*What the task requires*: Go through the records line by line from the top and repeat each one exactly, ending with the line that contains "Boeing 757 &".

'''

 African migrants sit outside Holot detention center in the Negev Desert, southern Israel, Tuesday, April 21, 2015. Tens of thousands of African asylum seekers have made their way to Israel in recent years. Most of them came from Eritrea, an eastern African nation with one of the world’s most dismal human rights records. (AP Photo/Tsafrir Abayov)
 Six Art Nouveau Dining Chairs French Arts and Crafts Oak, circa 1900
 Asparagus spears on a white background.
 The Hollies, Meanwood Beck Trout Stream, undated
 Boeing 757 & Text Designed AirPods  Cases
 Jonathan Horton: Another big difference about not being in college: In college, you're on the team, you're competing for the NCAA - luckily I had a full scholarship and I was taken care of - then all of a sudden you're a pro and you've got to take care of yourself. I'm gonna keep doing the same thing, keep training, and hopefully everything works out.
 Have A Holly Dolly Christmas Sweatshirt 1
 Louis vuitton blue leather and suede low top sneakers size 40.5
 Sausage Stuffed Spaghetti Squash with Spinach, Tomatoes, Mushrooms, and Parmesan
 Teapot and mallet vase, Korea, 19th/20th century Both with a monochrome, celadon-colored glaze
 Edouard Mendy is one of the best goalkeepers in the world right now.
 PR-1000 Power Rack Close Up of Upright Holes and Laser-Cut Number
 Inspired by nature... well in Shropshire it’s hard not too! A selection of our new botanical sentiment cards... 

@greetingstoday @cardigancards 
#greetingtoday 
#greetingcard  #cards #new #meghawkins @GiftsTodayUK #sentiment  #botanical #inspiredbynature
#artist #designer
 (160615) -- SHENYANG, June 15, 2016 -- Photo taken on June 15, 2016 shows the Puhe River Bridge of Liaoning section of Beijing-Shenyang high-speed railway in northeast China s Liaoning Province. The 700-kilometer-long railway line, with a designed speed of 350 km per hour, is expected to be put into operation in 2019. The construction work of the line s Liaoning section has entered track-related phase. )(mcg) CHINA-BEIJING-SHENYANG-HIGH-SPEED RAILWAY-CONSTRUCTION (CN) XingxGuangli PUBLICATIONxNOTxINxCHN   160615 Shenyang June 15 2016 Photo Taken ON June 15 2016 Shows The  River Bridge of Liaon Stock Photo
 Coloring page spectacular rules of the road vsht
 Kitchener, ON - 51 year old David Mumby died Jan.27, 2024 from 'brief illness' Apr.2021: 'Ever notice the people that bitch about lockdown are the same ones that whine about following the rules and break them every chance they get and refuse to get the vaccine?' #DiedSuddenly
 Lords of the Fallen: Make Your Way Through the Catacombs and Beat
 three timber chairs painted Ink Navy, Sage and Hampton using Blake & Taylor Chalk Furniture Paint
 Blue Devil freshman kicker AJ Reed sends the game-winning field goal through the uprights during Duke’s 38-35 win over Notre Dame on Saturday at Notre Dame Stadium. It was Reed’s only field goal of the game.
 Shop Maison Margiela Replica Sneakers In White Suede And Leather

'''

*Response area*:
 African migrants sit outside Holot detention center in the Negev Desert, southern Israel, Tuesday, April 21, 2015. Tens of thousands of African asylum seekers have made their way to Israel in recent years. Most of them came from Eritrea, an eastern African nation with one of the world’s most dismal human rights records. (AP Photo/Tsafrir Abayov)
 Six Art Nouveau Dining Chairs French Arts and Crafts Oak, circa 1900
 Asparagus spears on a white background.
 The Hollies, Meanwood Beck Trout Stream, undated
 Boeing 757 & Text Designed AirPods  Cases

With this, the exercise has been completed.